▶ **WORK INSTRUCTION**: Beginning with the line that contains "歯を磨くたびにミネラルが口腔", repeat each line exactly through the end of the listing below. Pictures stay out.

▶ **EXERCISE DATA**:
* * * *
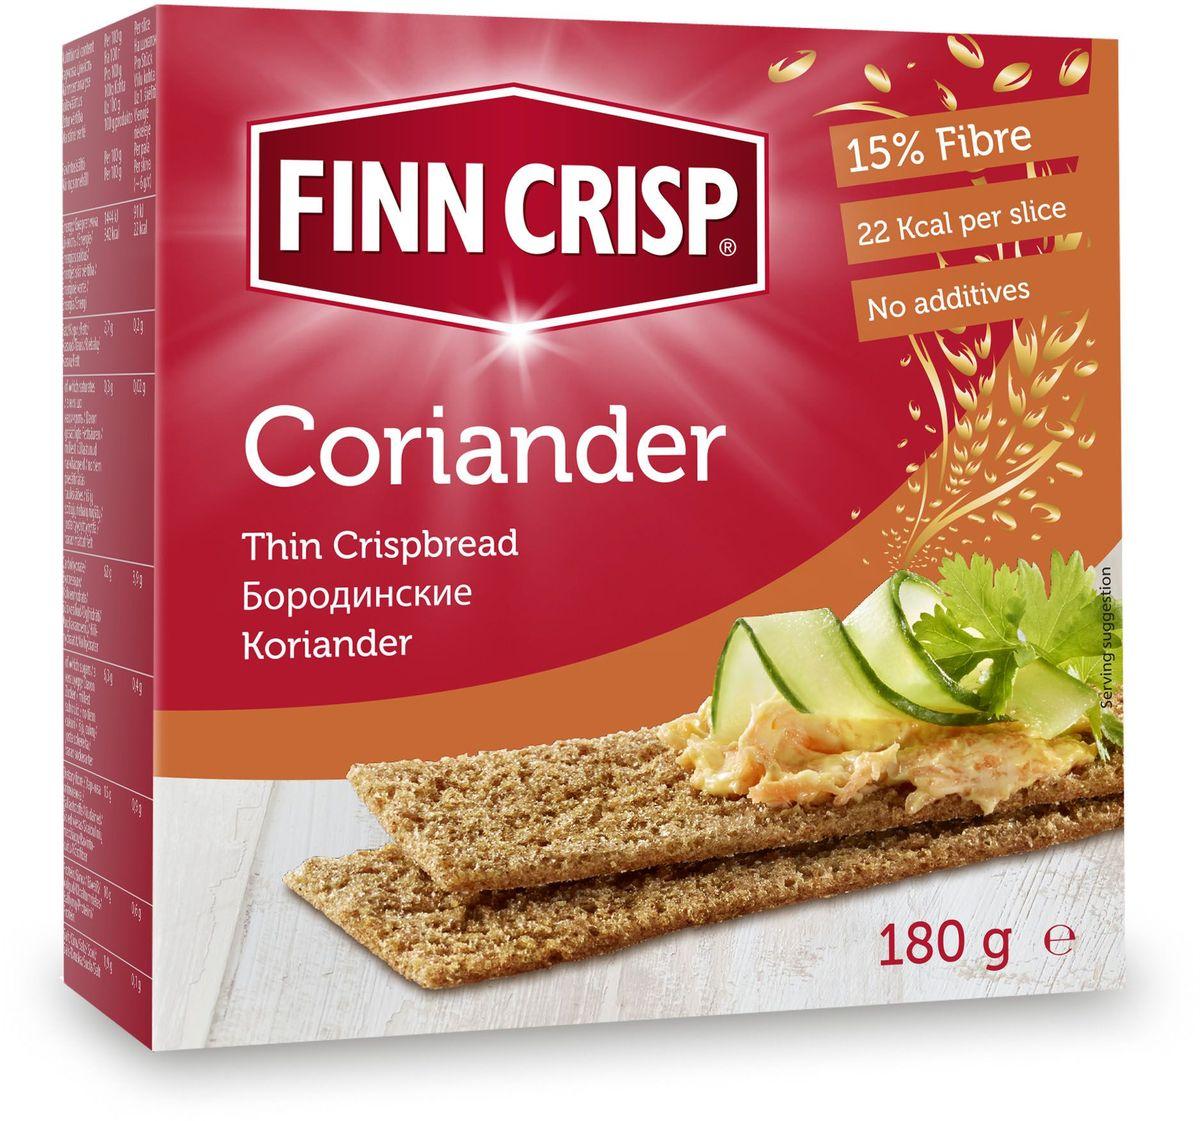 Finn Crisp Coriander хлебцы бородинские с кориандром, 180 г0120710В 1952 году началось производство сухариков FINN CRISP (ФИНН КРИСП), когда стартовали Олимпийские Игры в Хельсинки (Финляндия).Многие годы натуральные ржаные сухарики FINN CRISP отражают дух Финляндии для миллионов покупателей по всему миру, заботящихся о здоровом питании. Высушивать хлеб - давняя финская традиция и FINN CRISP до сих пор придерживаются этой традиции создавая хлебцы по старому классическому финскому рецепту.Бренд FINN CRISP принадлежит компании VAASAN Group's.VAASAN - это крупнейшая хлебопекарная компания в Балтийском регионе со столетней историей, занимающаяся производством продукции для правильного и здорового питания. Занимающая второе место по производству сухариков и хлебцев, а её продукция экспортируются в более чем 50 государств!
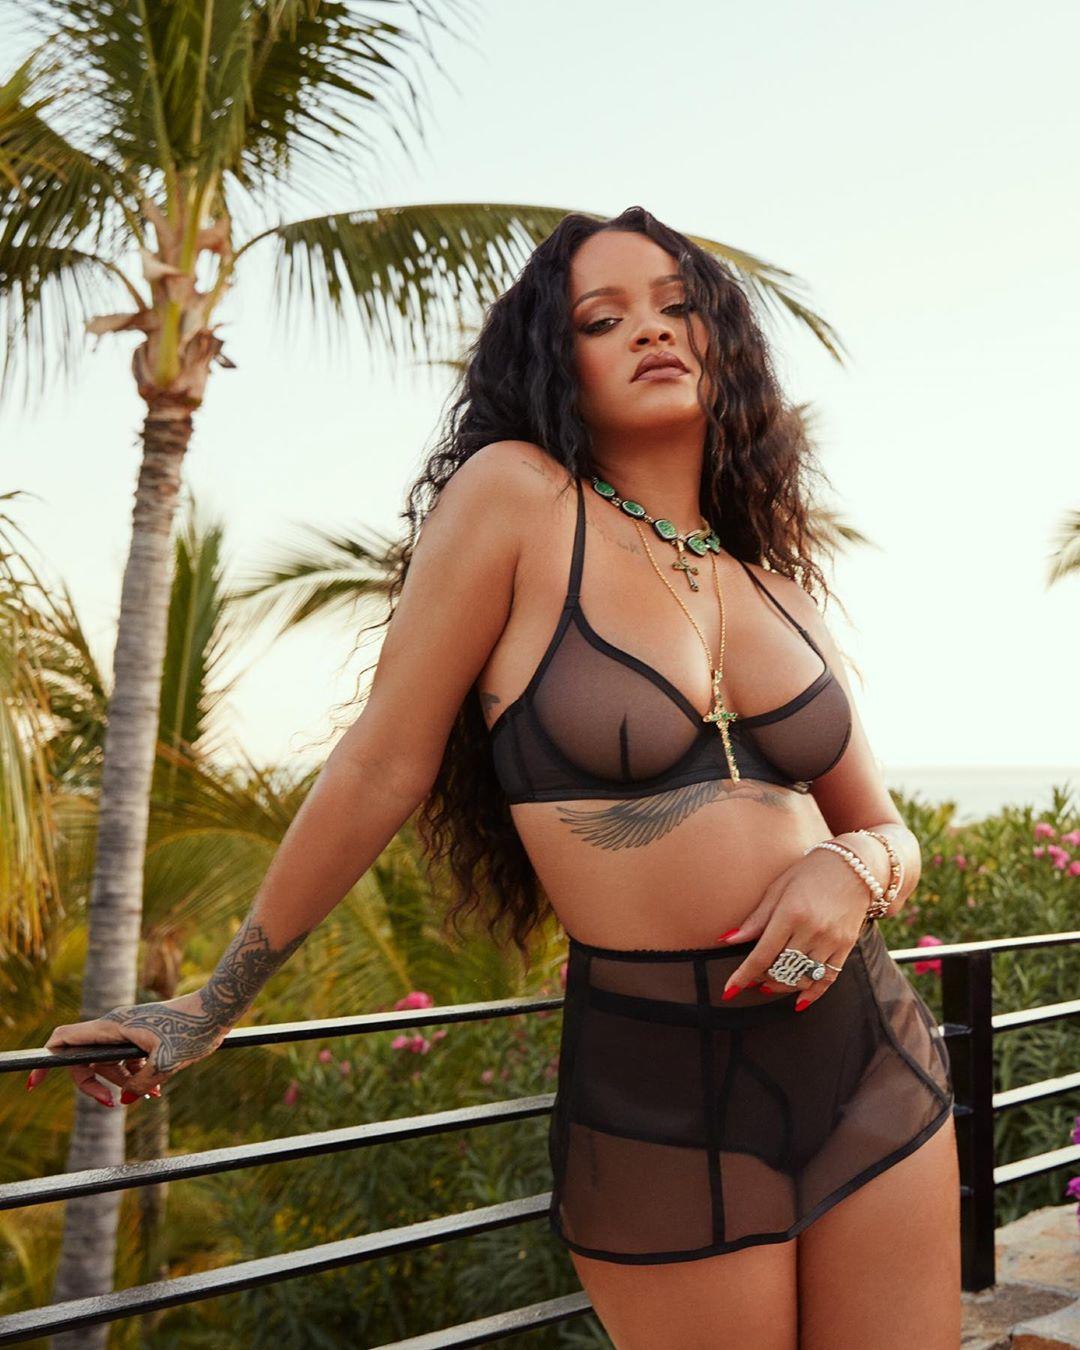 Erotik pozlarıyla tanınan dünyaca ünlü şarkıcı Rihanna siyah transparan sexy iç çamaşırlarıyla kamera karşısına geçip cesur pozlar verdi. En seksi ünlü kadınların HD resimleri.
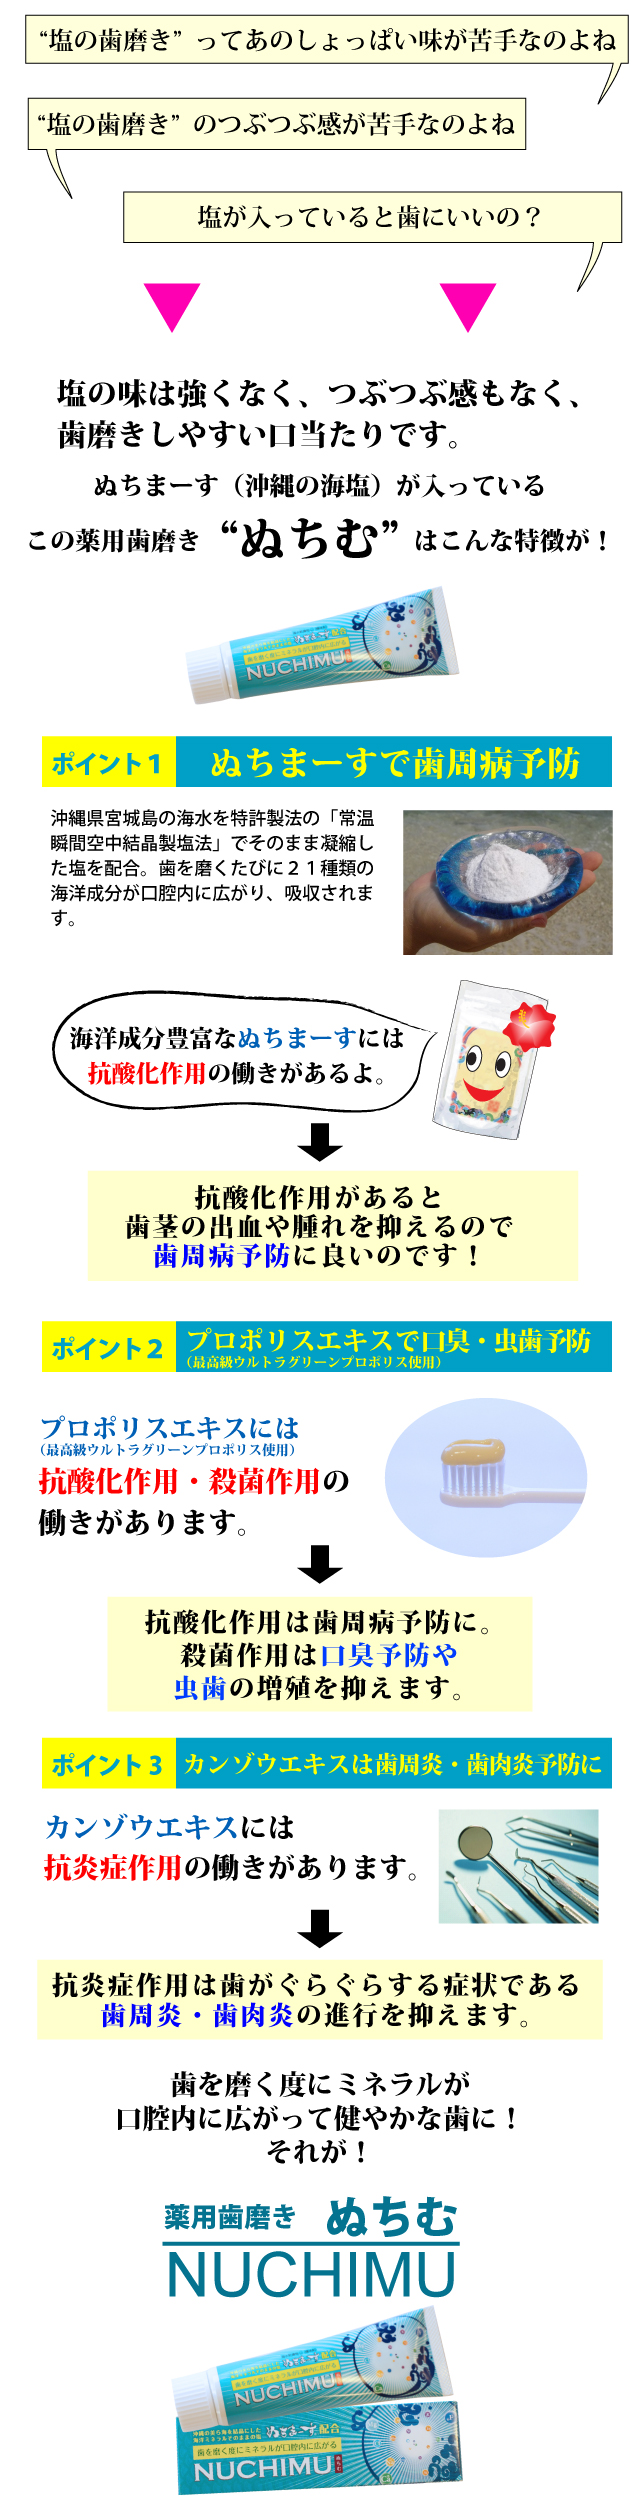 歯を磨くたびにミネラルが口腔内に広がるぬちまーすが入った薬用歯磨きぬちむ商品内容
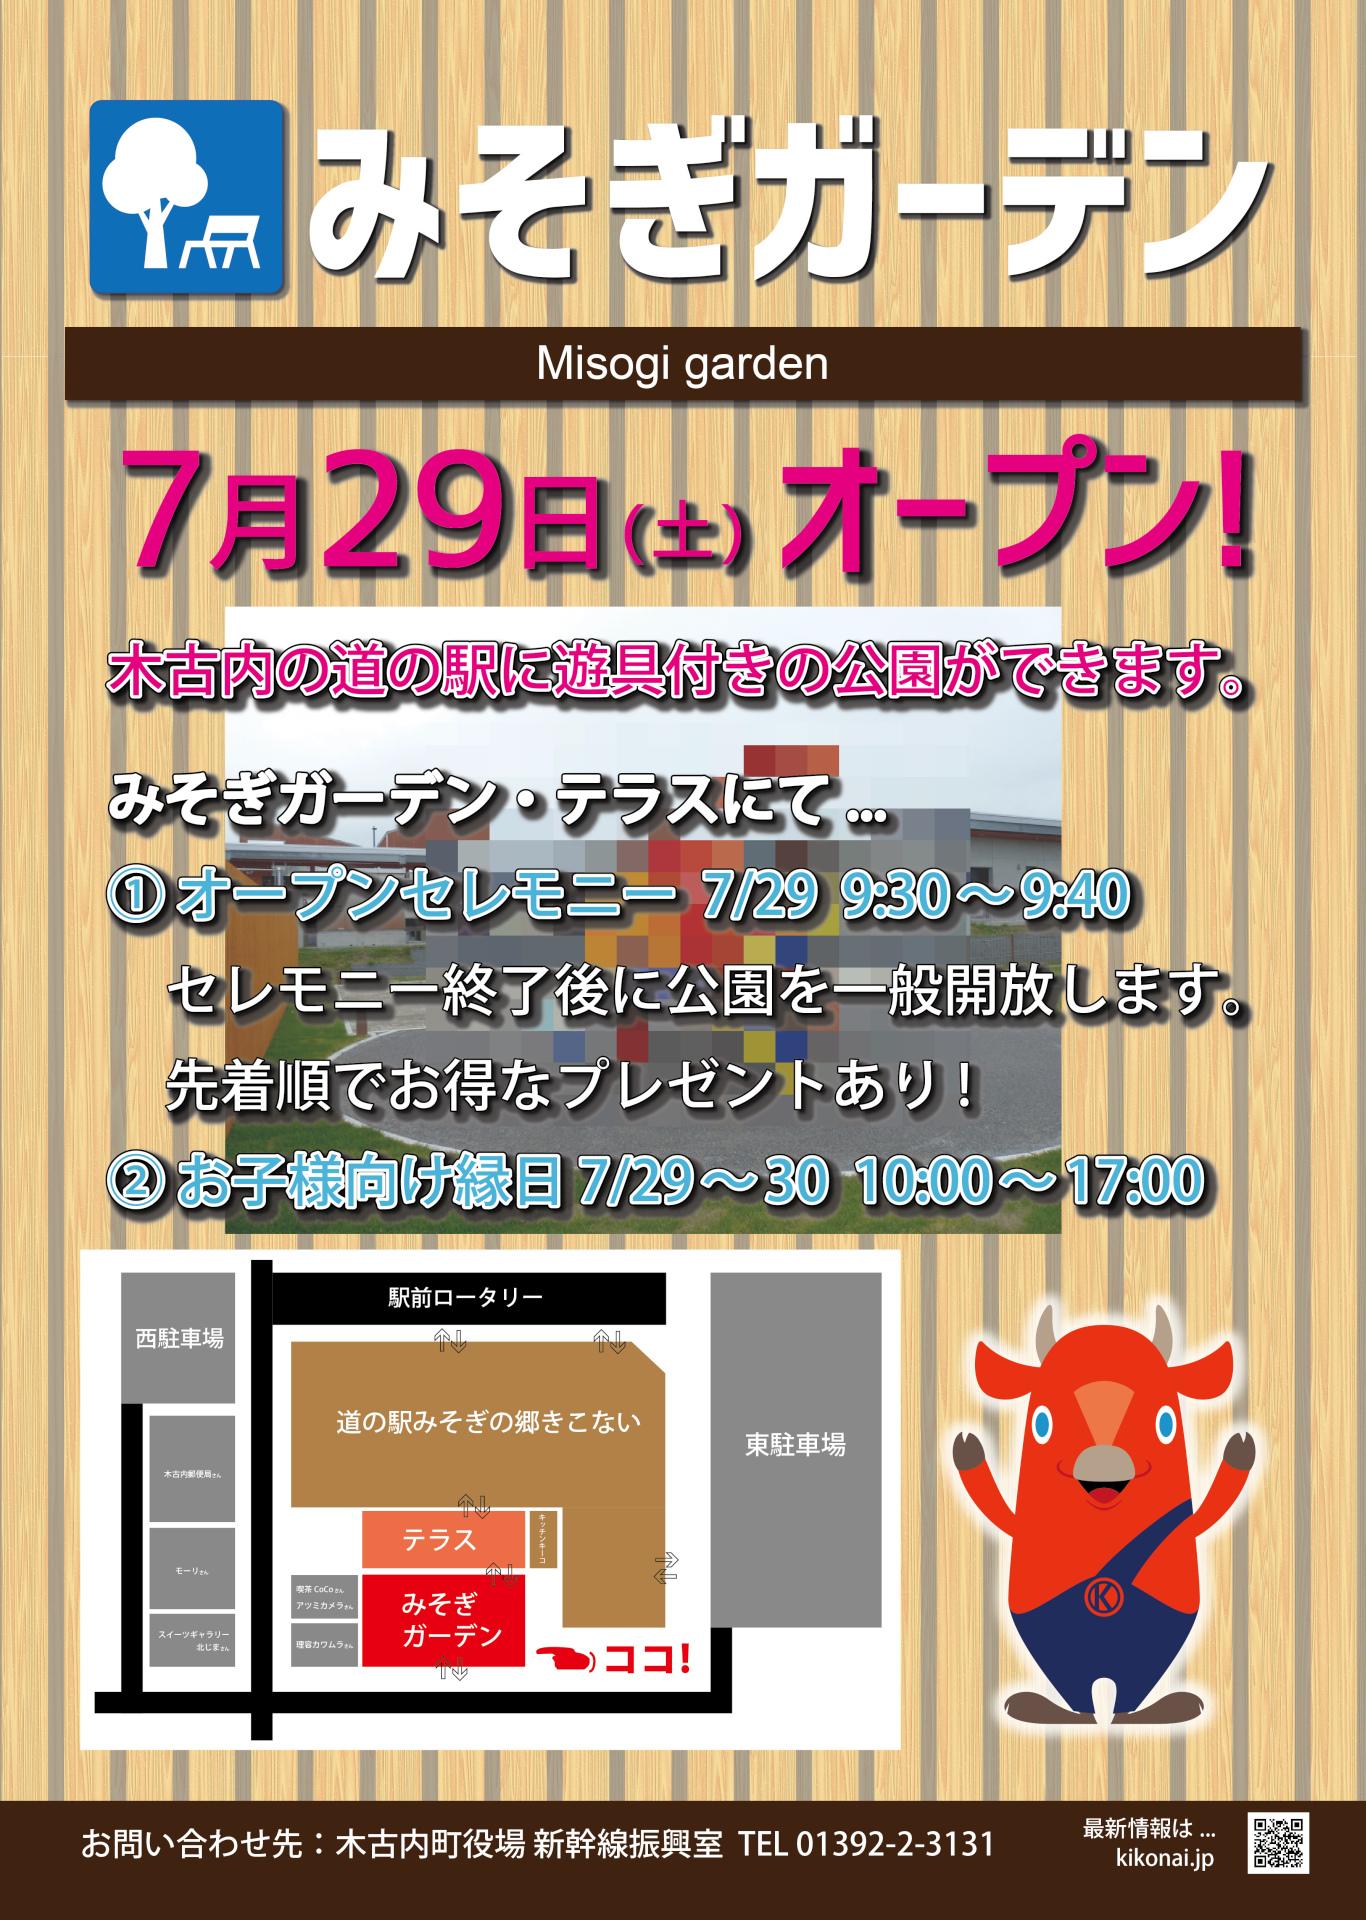 『みそぎガーデン』オープン!! 7月29日(土) オープンセレモニーと縁日やります!
* * * *
▶ **ANSWER SPACE**:
 歯を磨くたびにミネラルが口腔内に広がるぬちまーすが入った薬用歯磨きぬちむ商品内容
 『みそぎガーデン』オープン!! 7月29日(土) オープンセレモニーと縁日やります!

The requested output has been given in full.